Елена Юрьевна остановилась. Как же его фамилия? Их фамилия?.. Кажется, эта живет с тех пор одиночкой… Как же? Максимовы? Да, да – Сева Максимов.
Его призвали. Максимовы умоляли Елену Юрьевну, других членов комиссии – не помогло. И… Нет, она не раскаивается, не жалеет… И в последний день перед отправкой, не на фронт даже, а на фельдшерские курсы, с Максимовым случился сердечный приступ. И смерть… Елена Юрьевна хорошо помнит свою реакцию: поморщилась, в голове стукнуло презрительно-брезгливое: «Умер от страха».
С тех пор обе женщины, встречаясь, вот так кусают взглядом друг друга. Год за годом, встреча за встречей… Однажды, когда Елена Юрьевна гуляла с маленьким сыном по набережной, подбежала Максимова. Почти девочка, но с обезображенным горем и обидой лицом, с растрепанными прядями поседевших волос. «Гуляете? Сынок? У-у-у, хорошенький! Все у вас хорошо? – Она была похожа на сумасшедшую, на казнимую ведьму. – Муж, сынок… Не-ет, не будет этого, нельзя, чтобы так! Увидишь, – Максимова затрясла перед Еленой Юрьевной тонким, костлявым пальцем, – увидишь, все увидишь! Он не допустит… Нельзя, чтобы все у вас так. Нельзя-а!»

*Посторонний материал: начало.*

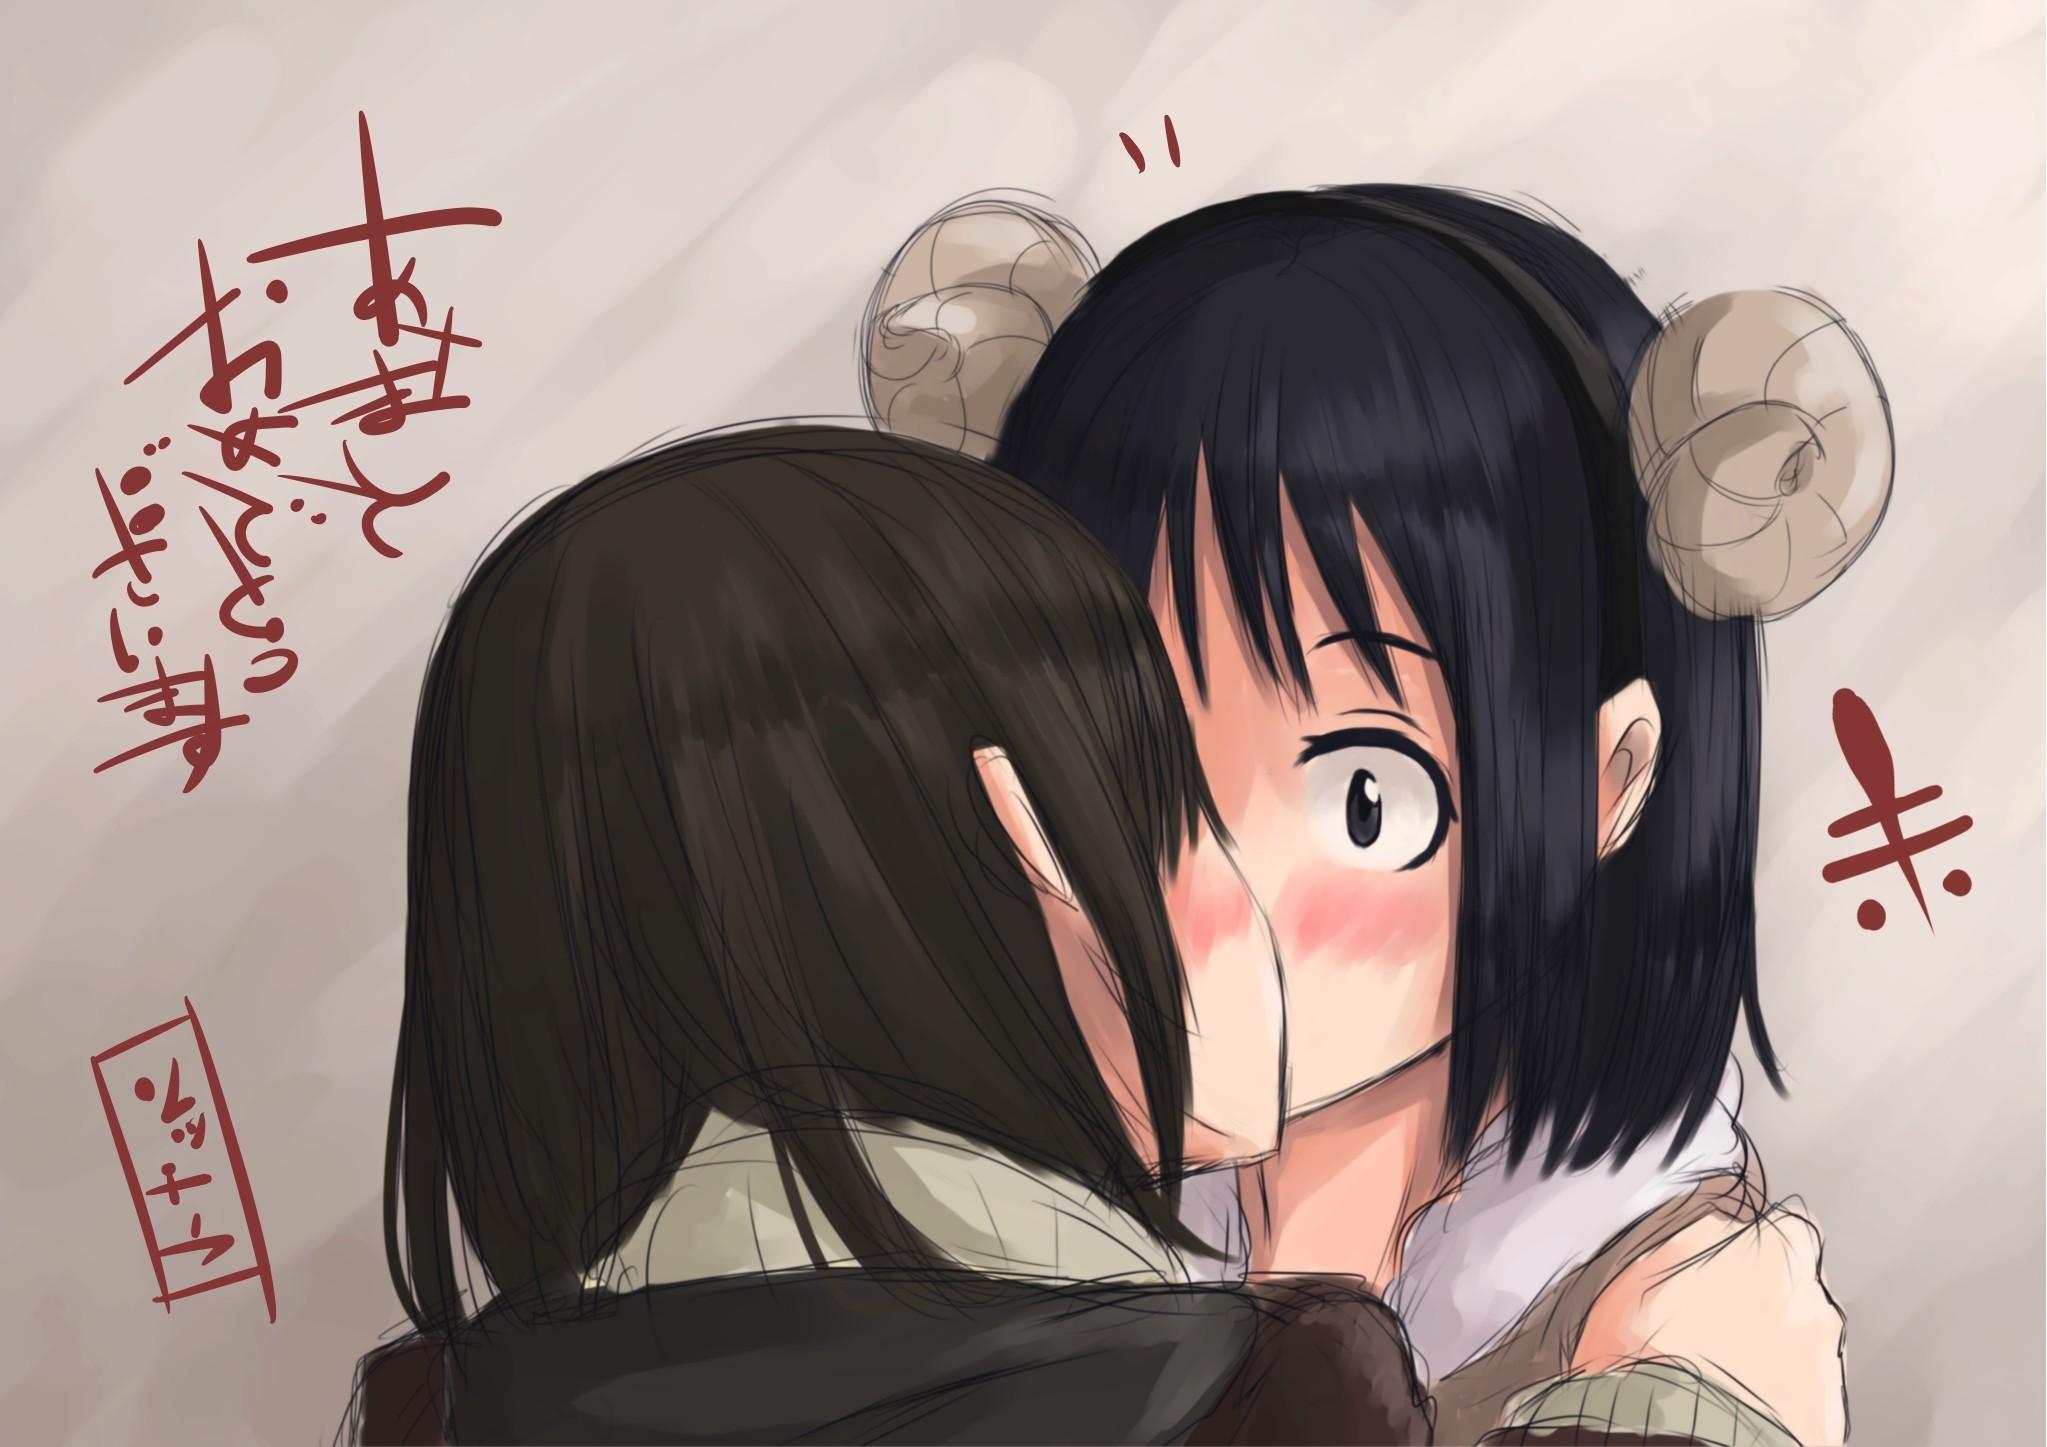 Wallpaper Yuri kuma arashi, Anime, Couple, Kiss
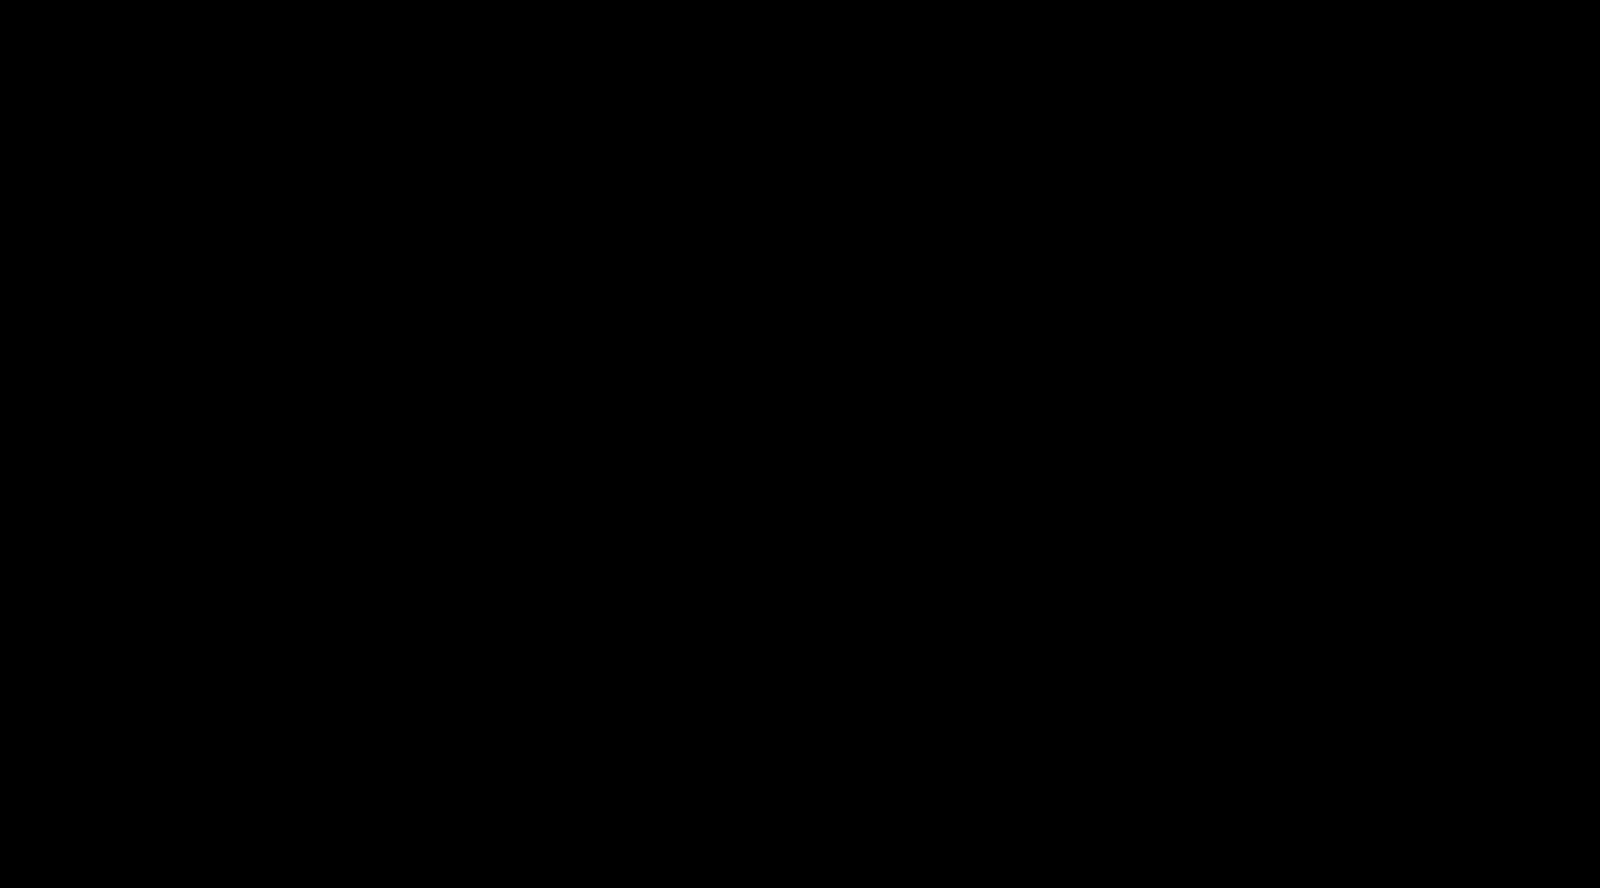 Kakashi Lineart : Naruto kakashi lineart by romigd on deviantart

И вот давно обе потеряли близких, родных людей, остались одни. Давно остались одни. Во всем огромном доме в триста с лишним квартир нет, наверное, уже никого, кто бы помнил то страшное время. Только две эти старухи, и они до последней минуты сознания будут носить в себе боль, ненависть друг к другу, жгущую их столько лет. Для одной тогда, в ее юности со смертью мужа закончилась жизнь, дальше – лишь однообразно темный коридор, длинный и душный; на другую лег тогда грех, в котором она до сих пор не хочет признаться даже себе, но следы которого, расплата за который изуродовали все ее дальнейшее существование.
До набережной теперь так далеко, даже и не верится, что некогда она и не замечала, как, выйдя из парадного, оказывалась у Невы. Через дорогу, отделяющую ее от набережной, Елена Юрьевна переходить не решилась – светофор, казалось, слишком быстро менял цвета, автомобили так и норовили сразу, с первым мгновением появления зеленого, рвануться с места. Просить же кого-нибудь, чтоб помогли, Елена Юрьевна не хотела. Она никогда не просила о помощи.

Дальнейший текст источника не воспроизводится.